A non-transitory recording medium readable by a computer,
The computer has a memory having a data set storage unit,
The data set storage unit includes a plurality of messages generated as information constituting at least one theme, each of the plurality of messages not including the at least one theme,
The non-temporary recording medium is
A unit generation procedure for reconfiguring a plurality of messages stored in the data set storage unit into at least one data unit including at least one message and indicating the theme in the computer;
An index generation procedure for generating an index from the message included in the reconstructed data unit in the computer;
A search execution procedure for specifying the data unit corresponding to the search condition based on the generated index and the search condition when the computer receives a search condition for searching the plurality of messages;
A result output procedure for outputting a search result to the computer based on the specified data unit;
An information extraction procedure for extracting the generation time at which the message is generated from each of the plurality of messages included in the data set storage unit in the computer and storing the bibliographic information including the extracted generation time in the memory And execute
In the unit generation procedure,
Reconfiguring the plurality of messages into the data unit based on the distribution of a plurality of generation times included in the bibliographic information in the computer;
Obtaining a minimum value of the number of messages included in the data unit in the computer;
If the number of first messages included in the reconstructed first data unit is less than the minimum value, the computer includes a second message generated immediately before the first message. and second data units, and a third data unit including the third message generated immediately after the first message, the order to execute the, and procedures to include each of the first message Non-temporary recording medium that stores the program.
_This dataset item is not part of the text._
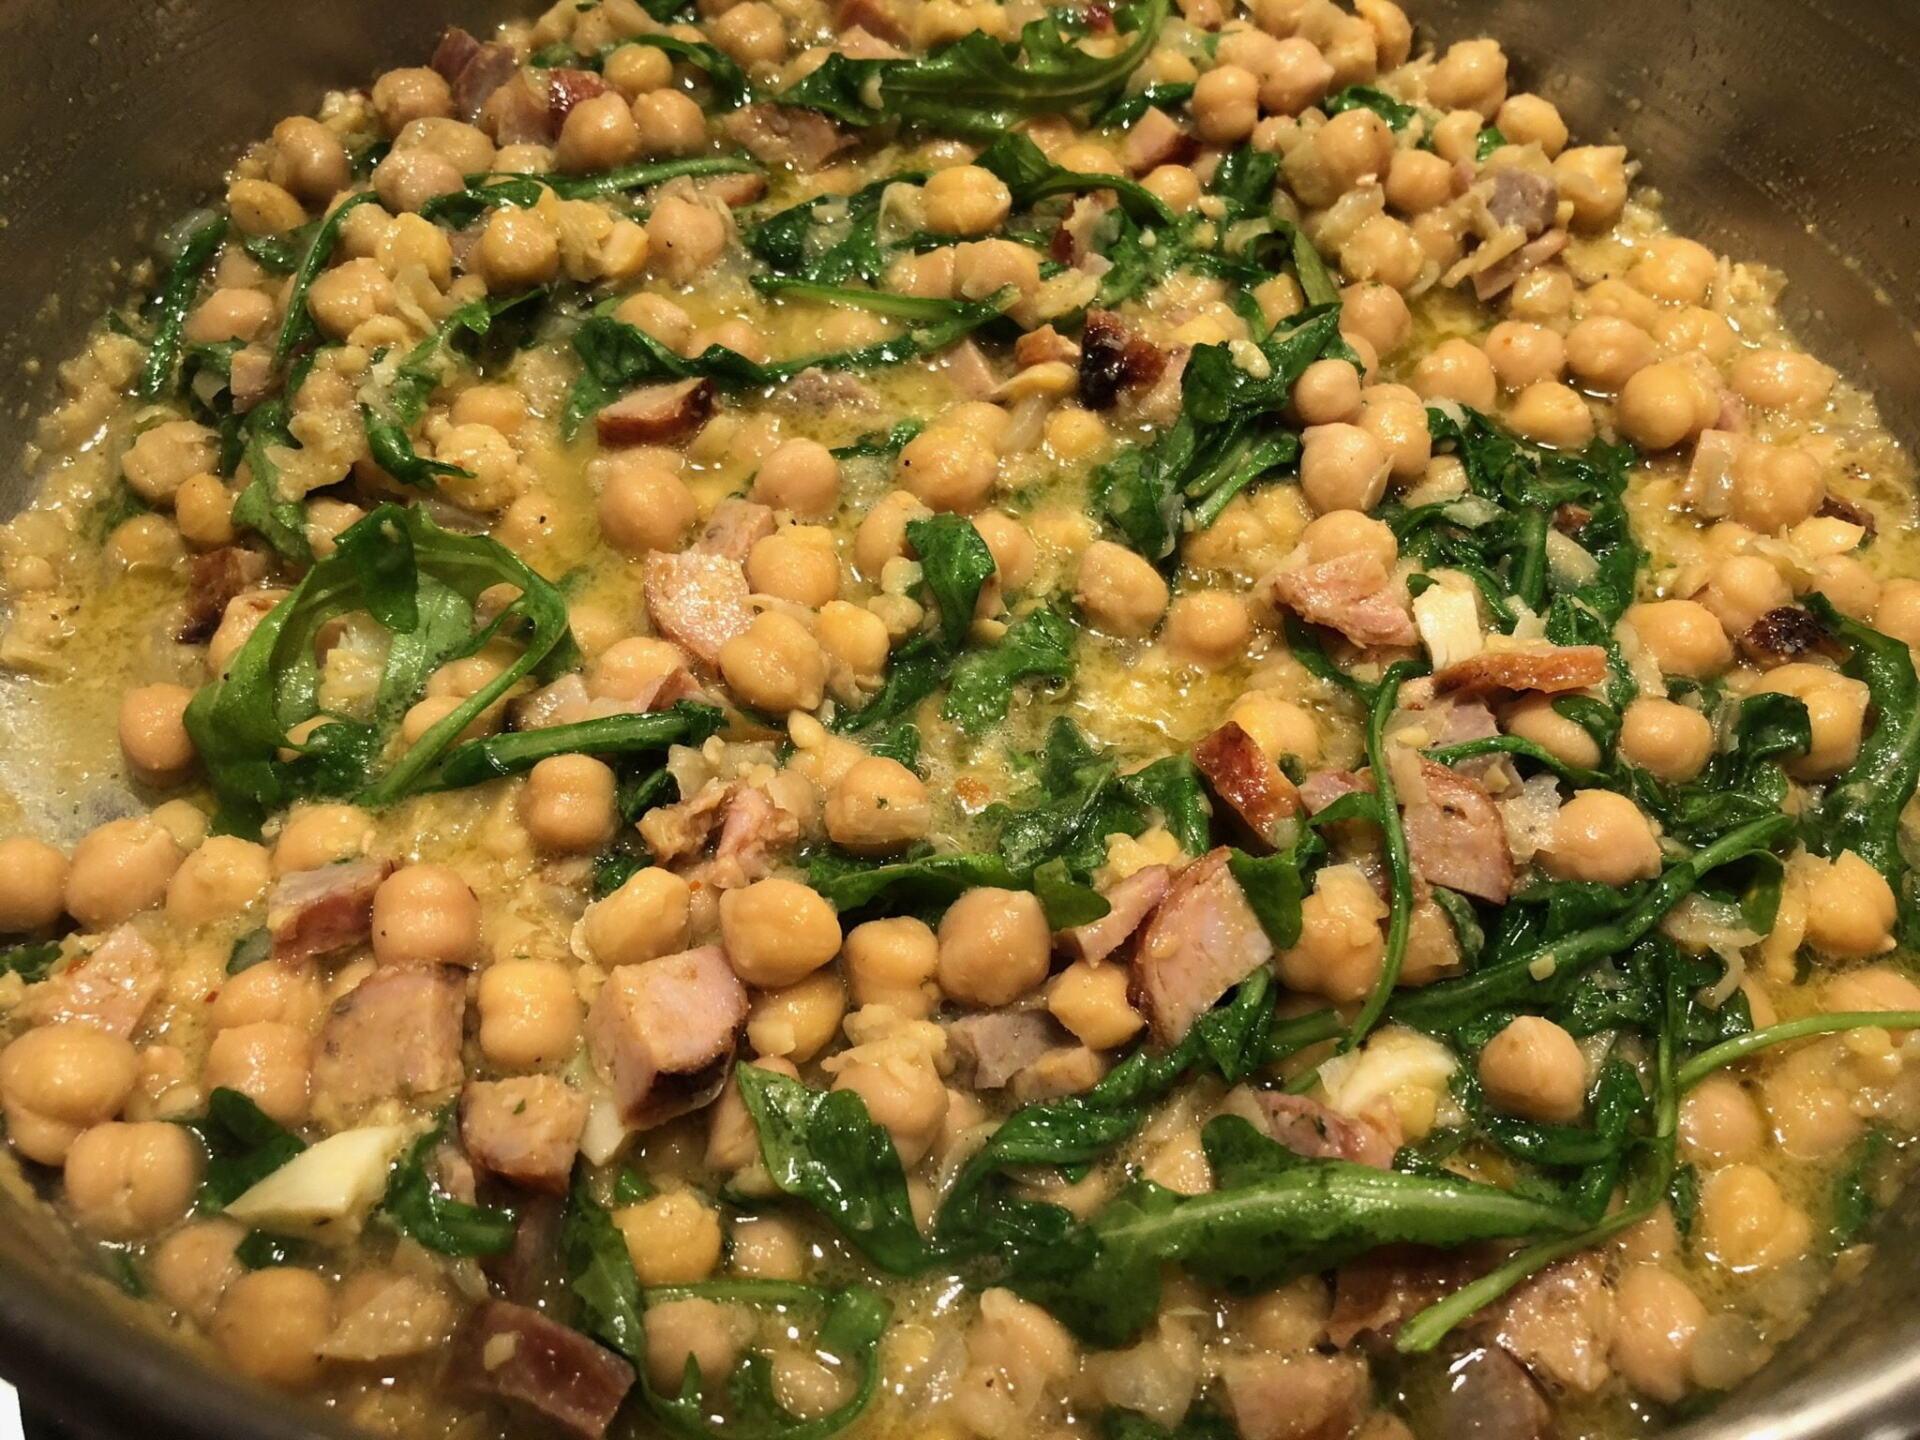 Chick peas, sausage and arugula cooking away

  The non-transitory recording medium according to claim 9,
  In the unit generation procedure,
  A procedure for calculating a difference between each of a plurality of generation times included in the bibliographic information and a time immediately before the generation time, and the generation time included in the bibliographic information.
  A procedure for calculating an average value of the calculated plurality of differences in the calculator;
  A step of determining, in the computer, that it is rough between two generation times at which the difference greater than the calculated average value is calculated;
  A non-transitory recording medium storing a program for causing the computer to execute a procedure for reconfiguring the plurality of messages into a plurality of the data units according to the two rough generation times.